Semin Thromb Hemost DOI: 10.1055/s-0041-1741569Coagulation mechanisms are critical for maintaining homeostasis in the central nervous system (CNS). Thrombin, an important player of the coagulation cascade, activates protease activator receptors (PARs), members of the G-protein coupled receptor family. PAR1 is located on neurons and glia. Following thrombin activation, PAR1 signals through the extracellular signal-regulated kinase pathway, causing alterations in neuronal glutamate release and astrocytic morphological changes. Similarly, the anticoagulation factor activated protein C (aPC) can cleave PAR1, following interaction with the endothelial protein C receptor. Both thrombin and aPC are expressed on endothelial cells and pericytes in the blood-brain barrier (BBB). Thrombin-induced PAR1 activation increases cytosolic Ca2+ concentration in brain vessels, resulting in nitric oxide release and increasing F-actin stress fibers, damaging BBB integrity. aPC also induces PAR1 activation and preserves BBB vascular integrity via coupling to sphingosine 1 phosphate receptors.
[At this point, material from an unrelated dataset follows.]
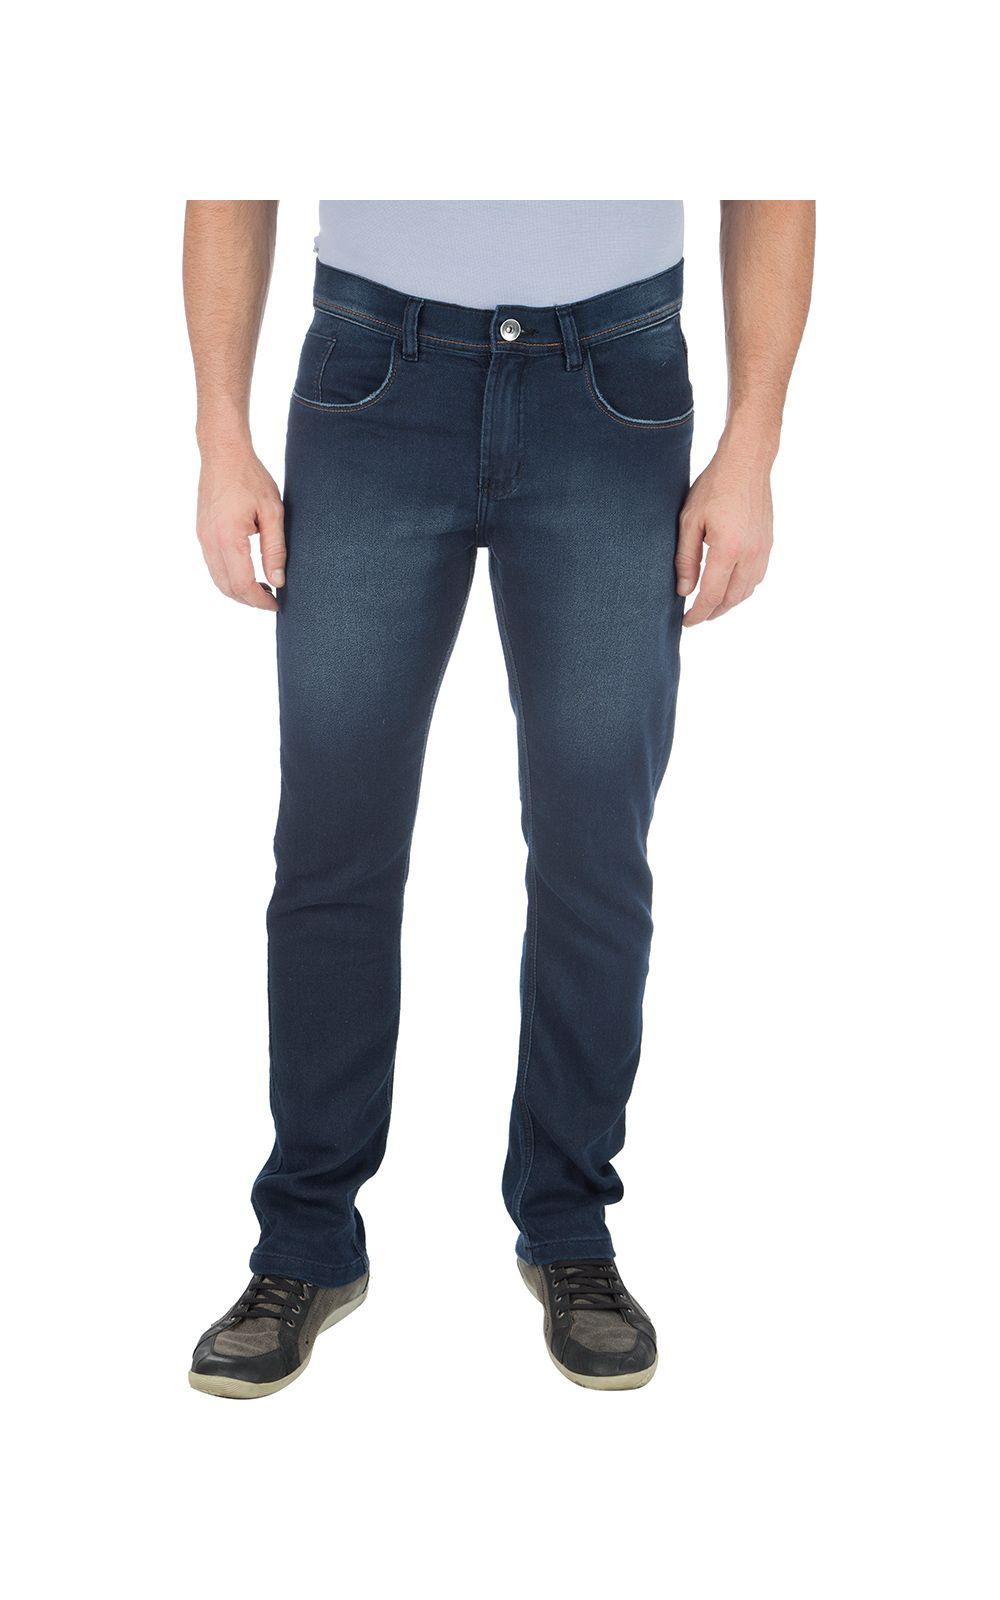 Foto 1 - Calça Jeans Masculina Azul Lisa

Thrombin-induced PAR1 overactivation and BBB disruption are evident in CNS pathologies. During epileptic seizures, BBB disruption promotes thrombin penetration. Thrombin induces PAR1 activation and potentiates N-methyl-D-aspartate receptors, inducing glutamate-mediated hyperexcitability. Specific PAR1 inhibition decreases status epilepticus severity in vivo. In stroke, the elevation of brain thrombin levels fu...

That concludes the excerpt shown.